Wednesday, July 22, 2009

What are good prequisite textbooks for someone interested in machine learning?

As mentioned in the last post, machine learning requires a good amount of background knowledge just to make sense of the topic. The core subject areas are:
  • calculus
  • linear algebra
  • combinatorics / discrete math
  • probability
  • statistics
  • information theory
  • real analysis
  • optimization theory

The following is a list of basic, introductory textbooks for each of these subjects :
  • A First Course in Probability by Sheldon Ross. Additionally helpful is William Feller's An Introduction to Probability Theory and Its Applications, Vol. 1.
  • For real analysis, Marsden and Hoffman's Elementary Classical Analysis is pretty standard.

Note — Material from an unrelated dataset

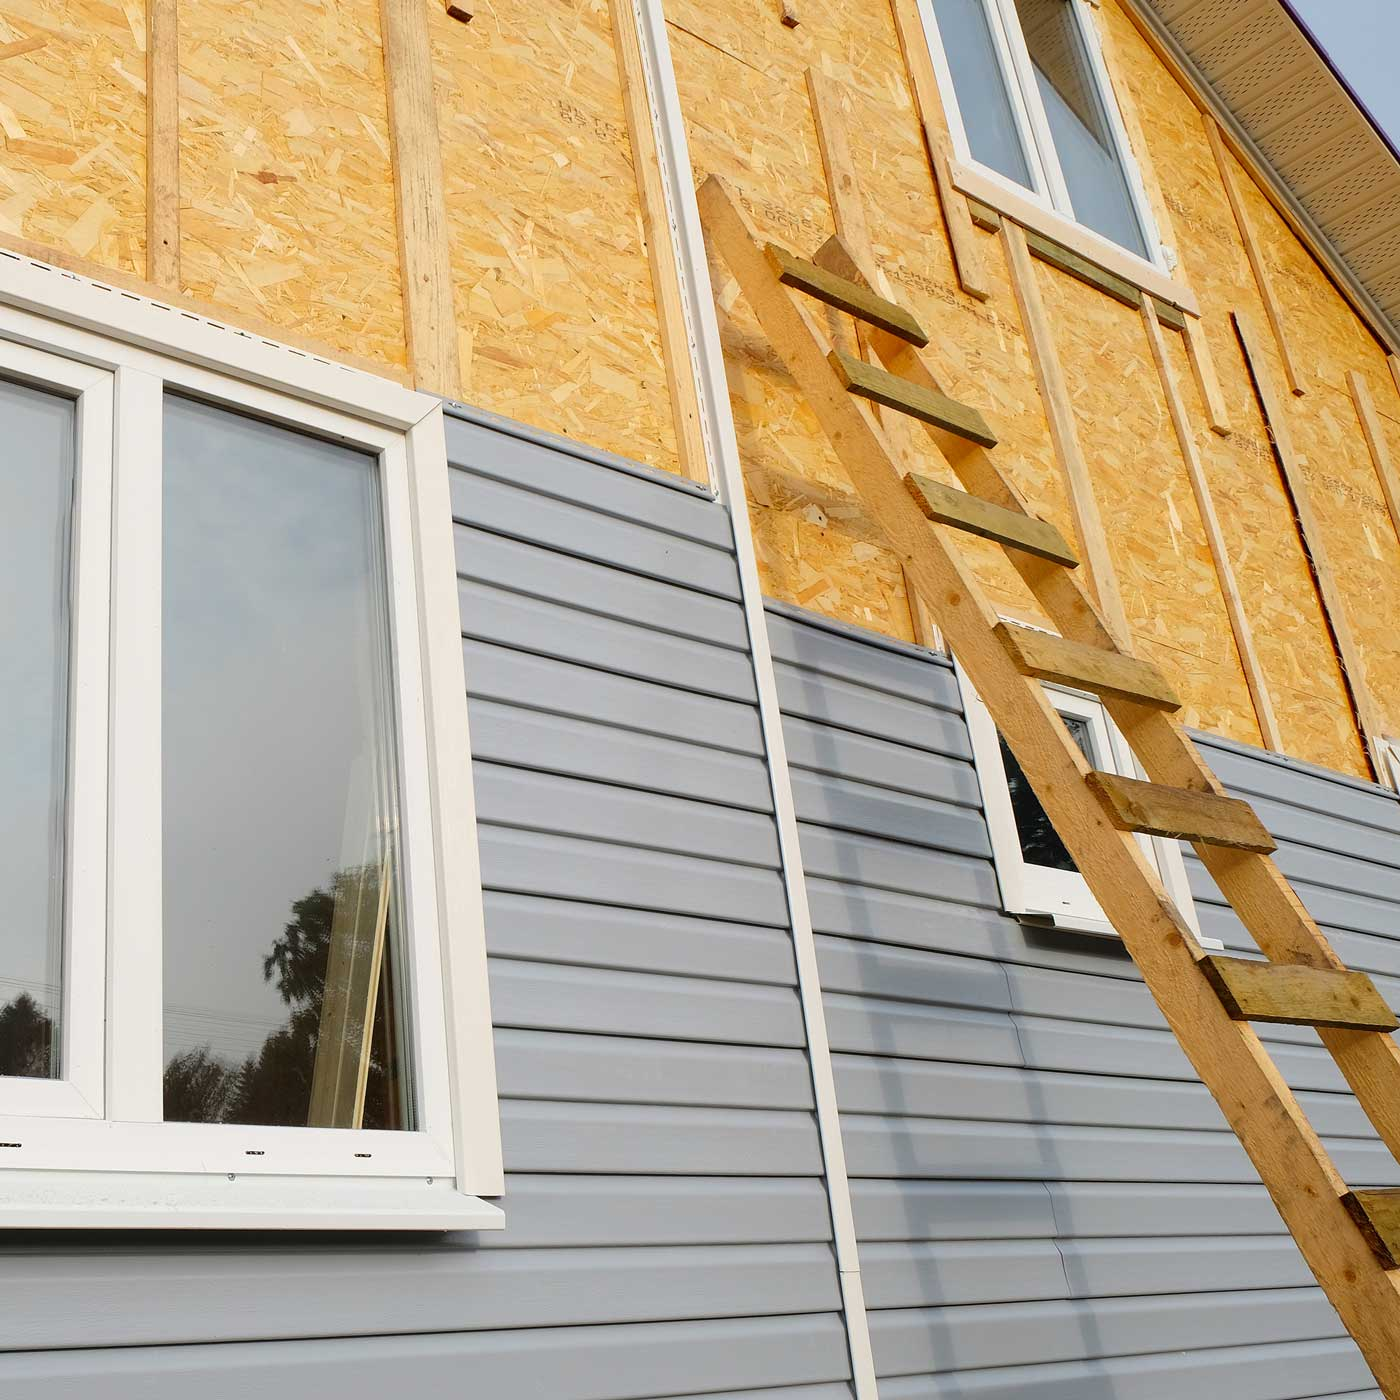 siding installation, quality homes, rochester, ny

It's not a great book though. I find it annoying that the proofs are left for the ends of the chapters.
These books are very basic, at the undergraduate level for the most part. However, if, like me, you weren't a math or engineering major, you will probably find them useful for quickly filling in the gaping holes in your education. Later I'll post some introductory books at the graduate level.

Friday, July 3, 2009

What books should I read if I want to learn about machine learning?

I see this question posted on the web not infrequently and I wanted to throw in my two cents. The real answer is that it greatly depends on your background and your interests. Machine learning is vastly interdisciplinary, and the disciplines it builds on require individual study before learning about machine learning really becomes fruitful. Aside from computer science, the prerequisite subjects for machine learning are, at the very least, real analysis, probability, statistics, information theory and optimization theory --- Quite a list!

I was doing computer science at the undergraduate level when I became interested in machine learning. Having taken courses in basic algorithm design, theory of computation, programming languages, and AI, I thought I had the necessary background to start doing some machine learning. After all, it's still computer science, right? Wrong --- in fact totally wrong. The thing about machine learning as opposed to many other areas of computer science is that it's continuous rather than discrete math, or a lot of it is at least. So if you have a math, physics, engineering or statistics background, you are in much better shape to start reading literature on machine learning than if you are versed in fundamental CS. Of course, CS is useful, too, but it's less necessary in getting started. In fact, many of the best people in machine learning did not come from the computer science.

The other thing that makes answering this question difficult is that machine learning has more than a few sub-disciplines. Picking the right book really depends on which of these you want to delve into. Do you want to do theory? Applications? Applications in a particular domain? If you want to do natural language processing, then you shouldn't get a book on kernels. However, if you want to understand machine learning in general, then you should get a survey book. There are some decent survey texts out there, but the better ones are only useful given some mathematical maturity. Even then, it may be rough going.

The best intro-to machine learning textbook I know of which is relatively accessible to people with a traditional computer science education is Tom Mitchell's Machine Learning. However, it is rudimentary and is quickly becoming completely out of date (how sad!). There is also Russell and Norvig's Artificial Intelligence: A Modern Approach, which covers topics in more classical AI at the expense of machine learning topics.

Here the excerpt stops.